Mijn vader werd als tuinderskind geboren, vastgeketend aan de regels van geloof, gezag en gedrag. Daarnaast de ultieme pogingen van kunstenaars, zoals Kandinsky, om op doek vorm te geven aan een wereld die wachtte op de eerste wereldoorlog. Mijn vader wiedde de paden tussen bonen en aardappels, de expressionist woelde in zijn emotie. Misschien stonden zij wel dichter bij elkaar, dan ik nu, honderd jaar later kan vermoeden.
Nog enkele minuten beid ik mijn tijd, en duur ik mijn uur. Want daar is eigenlijk mijn reis om begonnen: lunchen met Hedderik en Simone, om bij te praten, om elkaar even te zien, om ervaringen uit te wisselen.
Tegen twaalven stallen vier rode wangen, verstopt achter home-made shawls, twee fietsen voor het restaurant. “Ah, daar ben je!”. Met deze ongekunstelde woorden is mijn dag stante pede van goud. Diep weggezakt in rood pluche tafelen we, proosten we en vertellen we. Over werk her en der, over plannen en projecten.
Terug in de trein weerspiegelt in het raampje mijn gezicht in het opkomend duister, ik zie een trotse moeder.

Willie,
22 februari 2010

PS:
De brief op de deurmat meldde dat ik een site van de NS kon raadplegen met de drieste naam: www.ikbenom.nl.
“Ik ben om?”
“Uhh?”
Ik ga ik niet zomaar om, en als ik het wel doe, pas na degelijke discussies.
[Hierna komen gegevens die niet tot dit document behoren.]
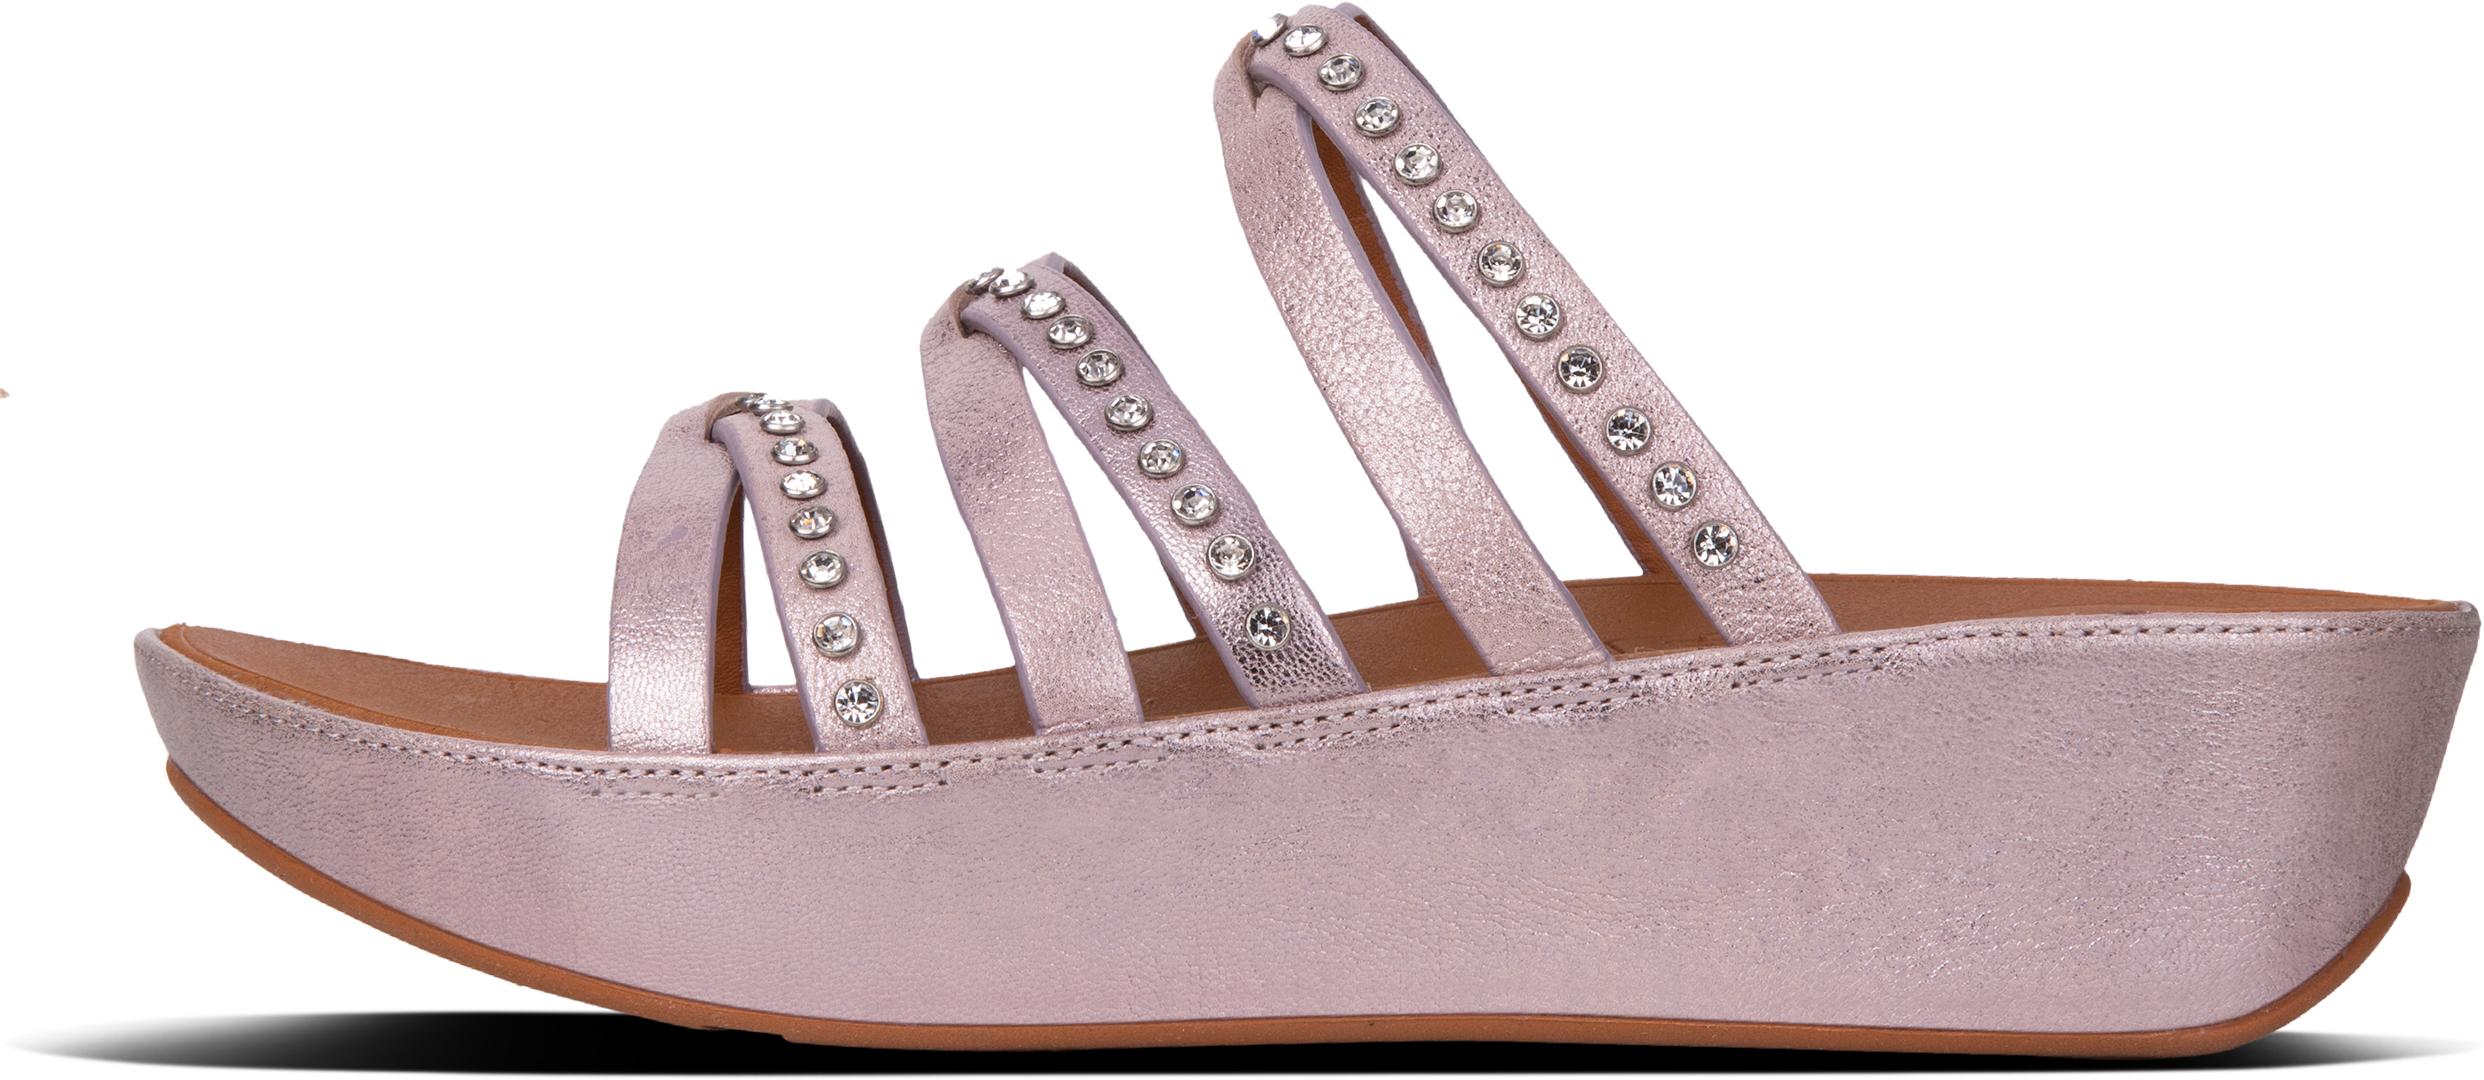 5cdfc258fb01 Fitflop LINNY SLIDE CRYSTAL Sandal 2018 blush metallic nude ...

Echter, “Tante Spoor” houdt niet van gedoe, zij gaat ervan uit dat we automatisch “om zijn”. Alle zaken zijn voor mij geregeld en ik hoef slechts een code in te typen. Vervolgens kan ik me voortaan, met mijn kortingskaart (mits genoeg saldo), door heel het land verplaatsen.
Ben dus om.
Tja.

This entry was posted in Kinderen, Reizen. Bookmark the permalink.

Comments are closed.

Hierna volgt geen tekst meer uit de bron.